Staff held her gaze in silence.

“You’re in love with her,” insisted the actress—“in love with this common thief and confidence-woman!”

Staff nodded gently. “Perhaps,” said he, “you’re right. I hadn’t thought of it that way before.... But, if you doubt my motive in advising you to go slow, consult somebody else—somebody you feel you can trust: Max, for instance, or your attorney. Meanwhile, I’d ask Mrs. Ilkington to be discreet, if I were you.”

Saluting them ceremoniously, he turned and left the hotel, deeply dejected, profoundly bewildered and ... wondering whether or not Alison in her rage had uncovered a secret unsuspected even by himself, to whom it should have been most intimate.


XII

WON’T YOU WALK INTO MY PARLOUR?

Slipping quickly into the room through an opening hardly wide enough to admit his spare, small body, the man as quickly shut and locked the door and pocketed the key. This much accomplished, he swung on his heel and, without further movement, fastened his attention anew upon the girl.

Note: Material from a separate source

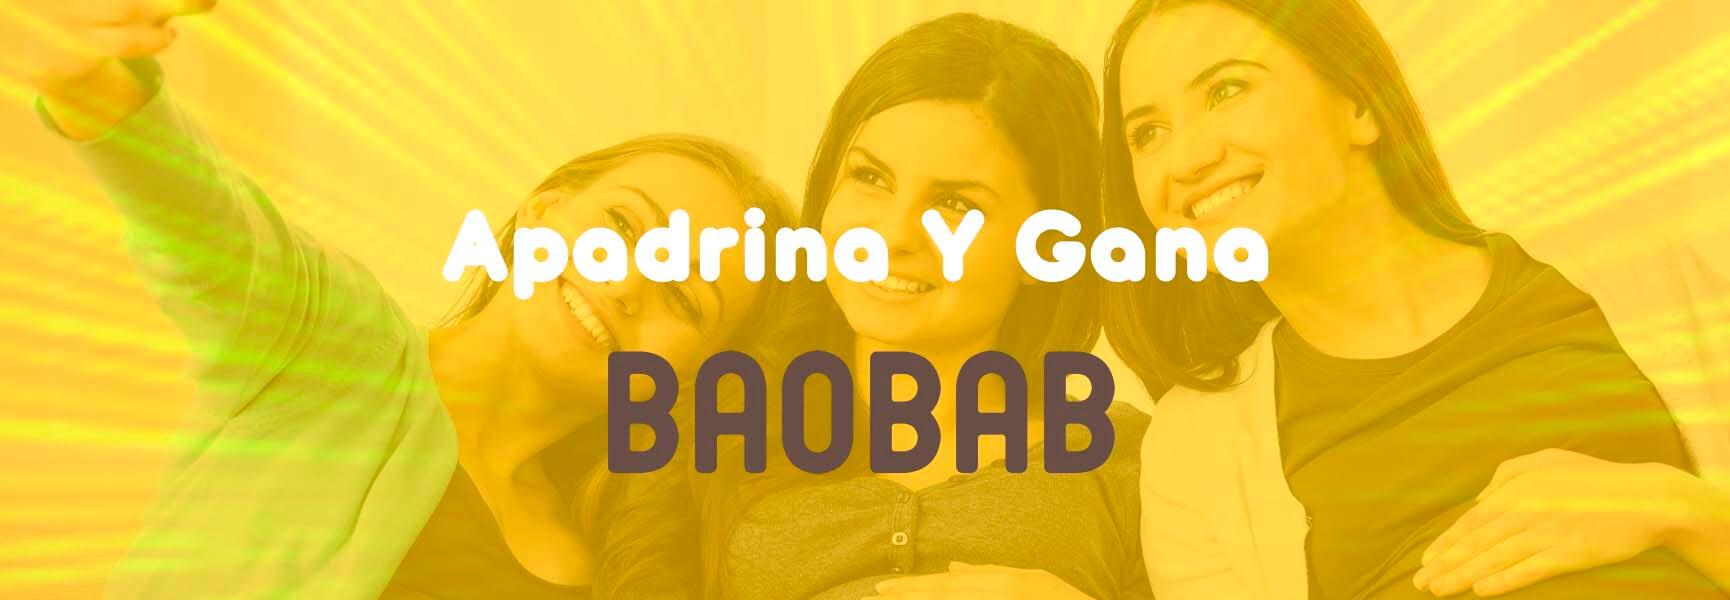 Apadrina Y Gana Bebe | Le petit BAOBAB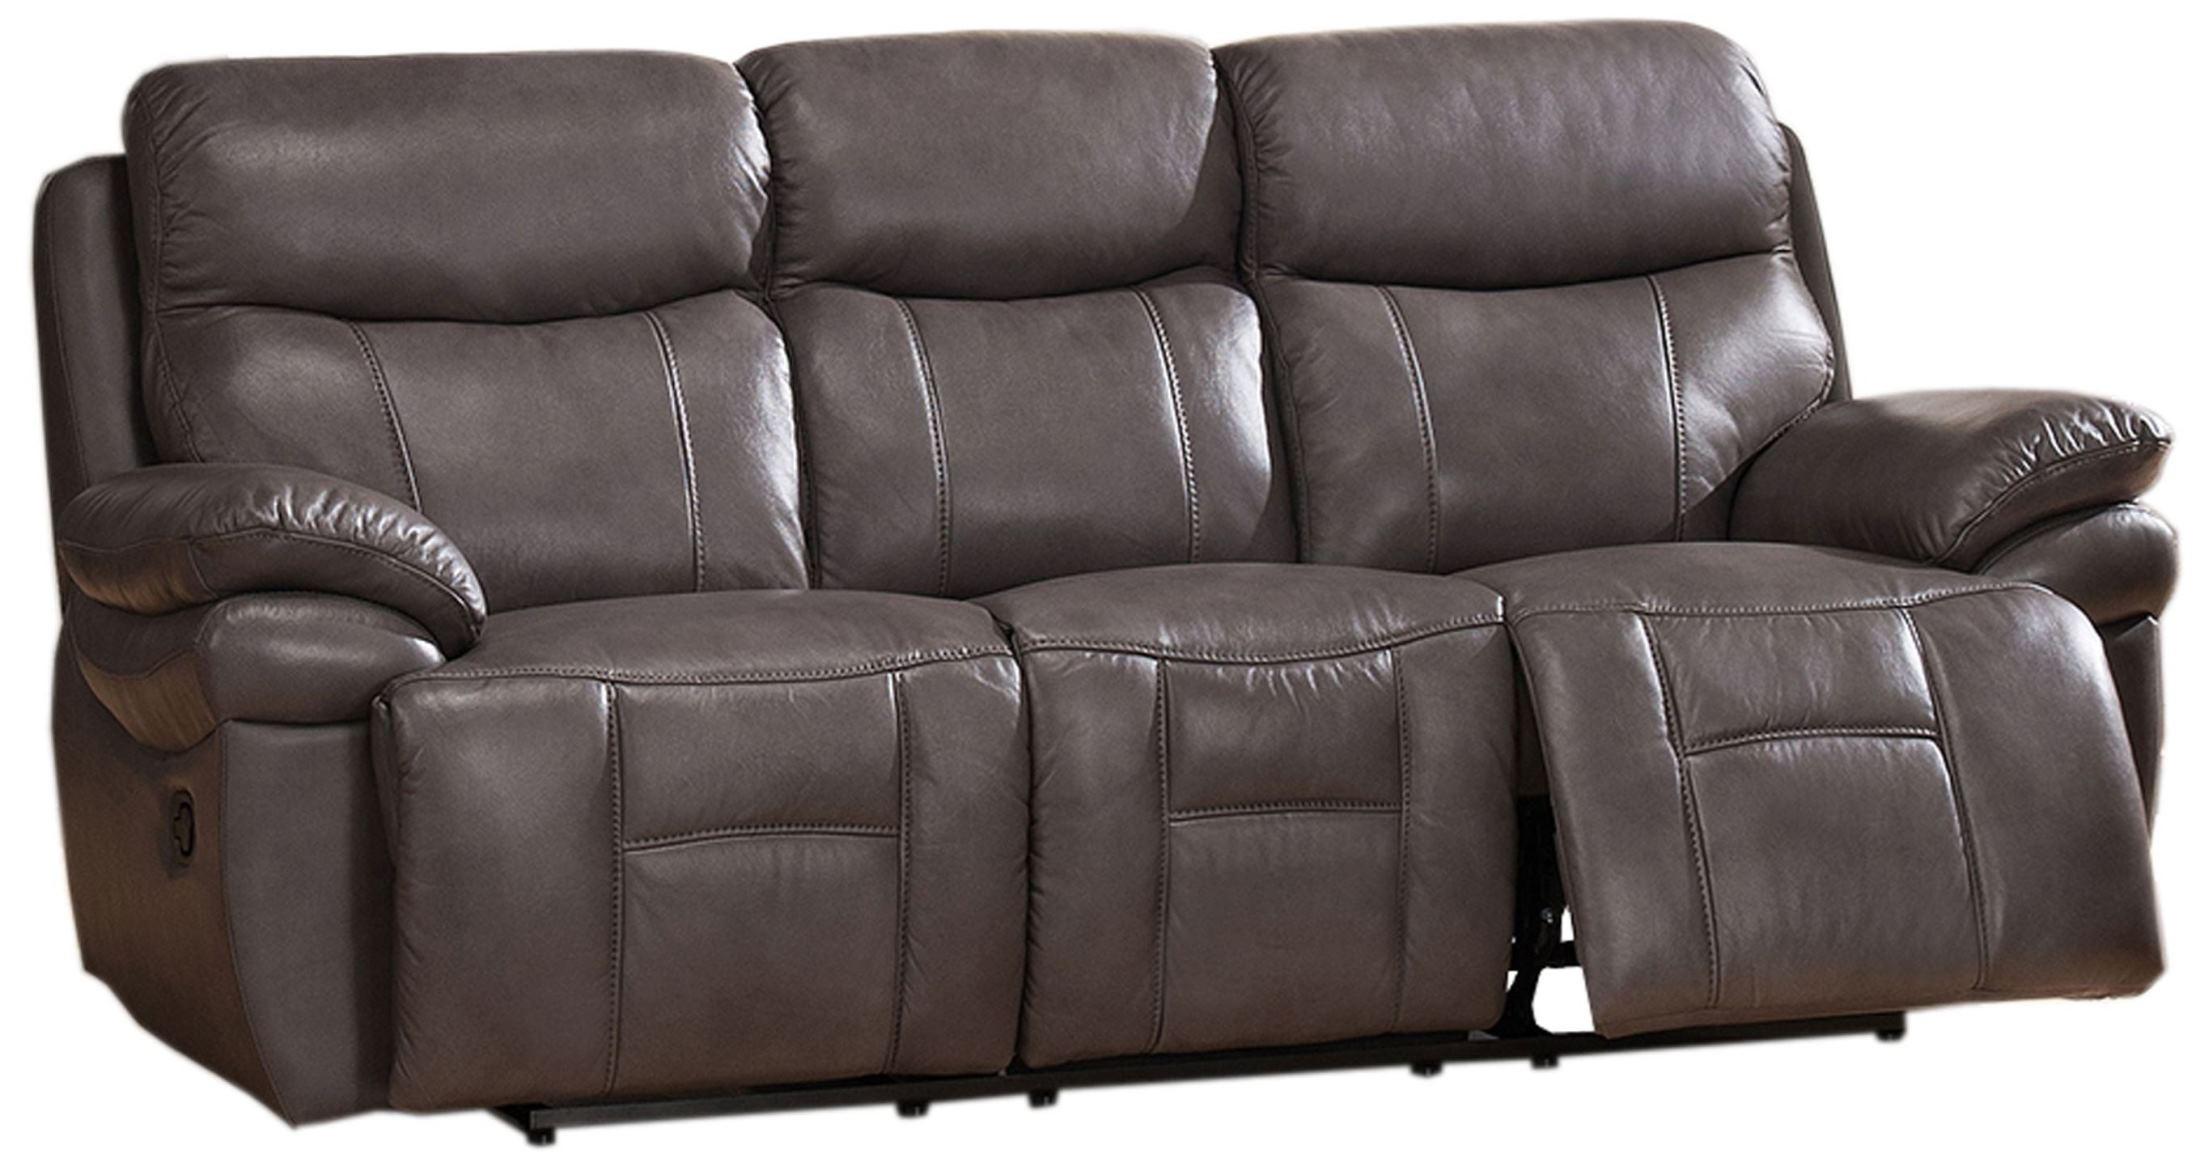 Grey Reclining Sectional Sofa Cortez Premium Top Grain

Standing so—hands clasped loosely before him, his head thrust forward a trifle above his rounded shoulders, pale eyes peering from their network of wrinkles with a semi-humourous suggestion, thin lips curved in an apologetic grin: his likeness to the Mr. Iff known to Staff was something more than striking. One needed to be intimately and recently acquainted with Iff’s appearance to be able to detect the almost imperceptible points of difference between the two. Had Staff been there he might have questioned the colour of this man’s eyes, which showed a lighter tint than Iff’s, and their expression—here vigilant and predatory in contrast with Iff’s languid, half-derisive look. The line of the cheek from nose to mouth, too, was deeper and more hard than with Iff; and there was a hint of elevation in the nostrils that lent the face a guise of malice and evil—like the shadow of an impersonal sneer.